A Constitutional Referendum on the Recognition of the Aboriginal People?

By September 21, 2012Indigenous, Politics, Society

Were you one of the many who had forgotten, or never knew, about this proposal? I certainly was. The news that such a referendum was to be shelved for two or three years must have caused many to ask themselves ‘What referendum?’ I cannot recall its being discussed in the last couple of years, though it had been one of the planks of agreement between Julia Gillard, the Greens and Mr Oakeshott. The report of an expert panel set up to consider the issue was released in mid January, and sank without trace.

Two questions immediately came to my mind. What exactly would the referendum ask us to agree to? And how would the proponents persuade us to vote for it? I’ll deal with the second at once. Constitutional amendments in Australia have a poor record of success, for two reasons. The first is that success requires both a majority of voters and a majority of voters in a majority of States, which is actually a two-thirds majority. That has turned out to be a hard ask. Those proposed amendments that have come closest have garnered the majority in Australia as a whole, but failed to get majorities in  four States (the Territories don’t count for this purpose).
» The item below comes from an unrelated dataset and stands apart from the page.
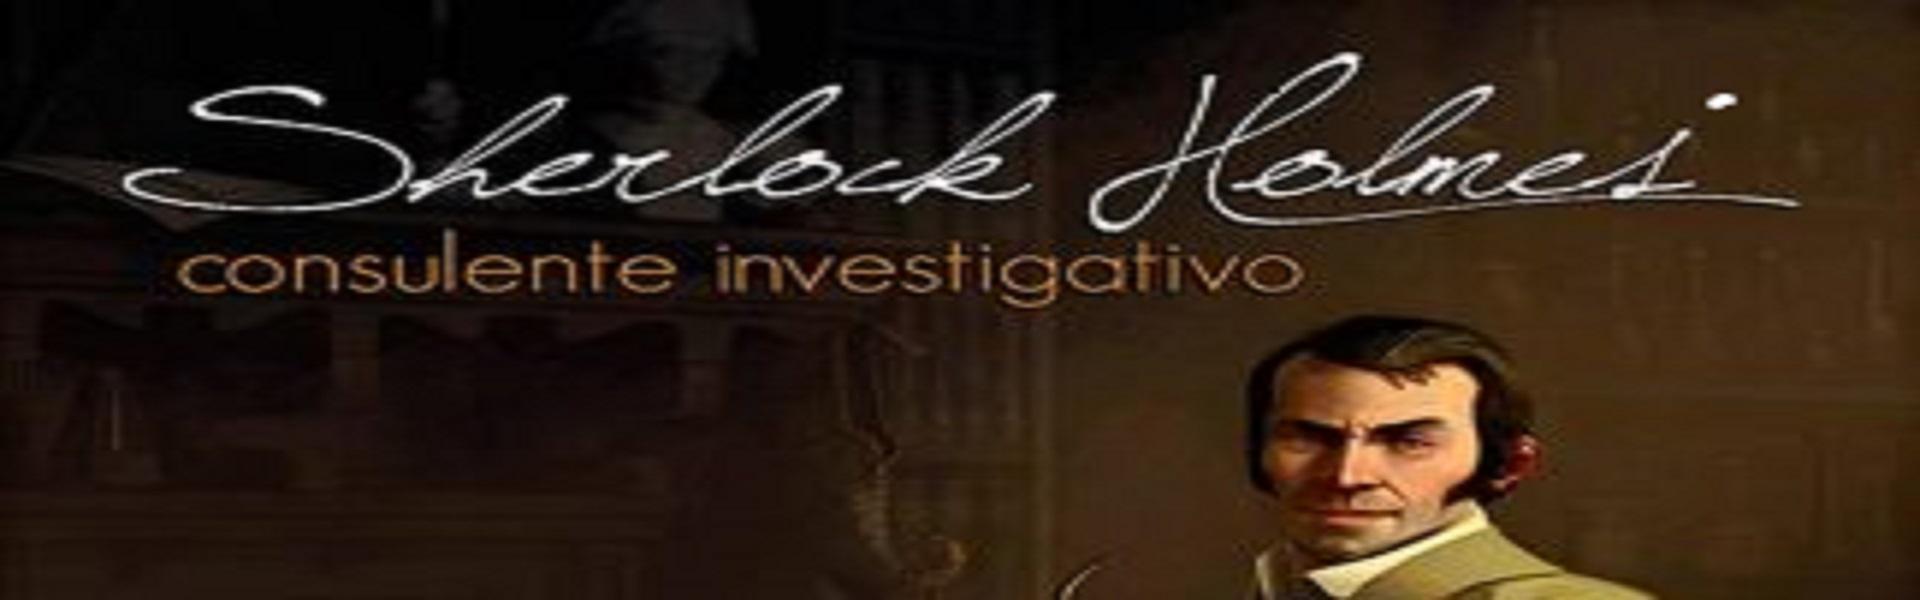 Sherlock Holmes: aiutate il detective

Why so? Because almost any question that is put to the people becomes a matter of today’s politics, in which an Opposition is looking for issues on which it can attack the Government. This is particularly the case if the referendum is held at the same time as an election. Even if both sides of politics agree on the need for a change, the voters may not follow their lead: there seems to be, at least in this matter, a distrust of politicians and their apparent need for more power.

So if there were to be a successful referendum on the recognition of the Aboriginal and Torres Strait Islander peoples, it would require co-operation between the parties and, in my view, a broad base of community support that was unconnected with the parties, a long lead time, and a form of words that was easily understandable and generally acceptable. Do you see any problems there?

Well, yes — none of it currently applies. It is true that there was a highly successful referendum on the Aboriginal people in 1967 — nearly 91 per cent in favour, and all States. But this one focussed on the then exclusion of indigenous people from being counted in the census, and that seemed uncontroversial. One on the ‘recognition’ of the indigenous peoples seems to me fraught with wording difficulties from the beginning.

The expert panel’s report that came out in January proposed that the Constitution (i) recognise that the continent was first occupied by the indigenous peoples, (ii) offer respect to their ‘continuing cultures, language and heritage’, and (iii) state that there remains a need to secure the advancement of the indigenous peoples. I think that with the conditions I mentioned above, the first two could be secured in a referendum, but the third could look like an open cheque-book, and is unlikely to pass. If there is a single question encompassing all three, then it is likely to fail.

Will there always be a need to secure the advancement of the indigenous people? That is what the inclusion of such a statement in the Constitution would imply. I have been arguing, on my ‘indigenous’ thread, that the growth and change of Australian society are such that in time the indigenous people will be absorbed into it anyway. If you consider the great changes that have taken place in the past fifty years, the issue may be largely irrelevant by the 2060s. So I for one would have misgivings about writing into the Constitution a section that suggests that the situation of the indigenous people will always need to be advanced. If that makes me an assimilationist, then so be it.

Back to the present. Apparently all sides are agreed that there is no prospect of success if a referendum were to be held in the term of the present Parliament, and the Government is offering an bill of Recognition as an interim measure, before the end of the year. I would have thought the legislative program is already full to overflowing, but of course if the PM wants it to happen it will happen.

The wording will still be the issue. My natural scepticism tells me that nothing is going to happen, just because nothing has happened since the committee’s forgotten report in January. But if the bill comes, watch for the wording! If it is too weak, there will be protest everywhere. If it is too strong, it may only pass with difficulty if at all, and then be one of the issues unlikely to help the Labor party at the coming elections.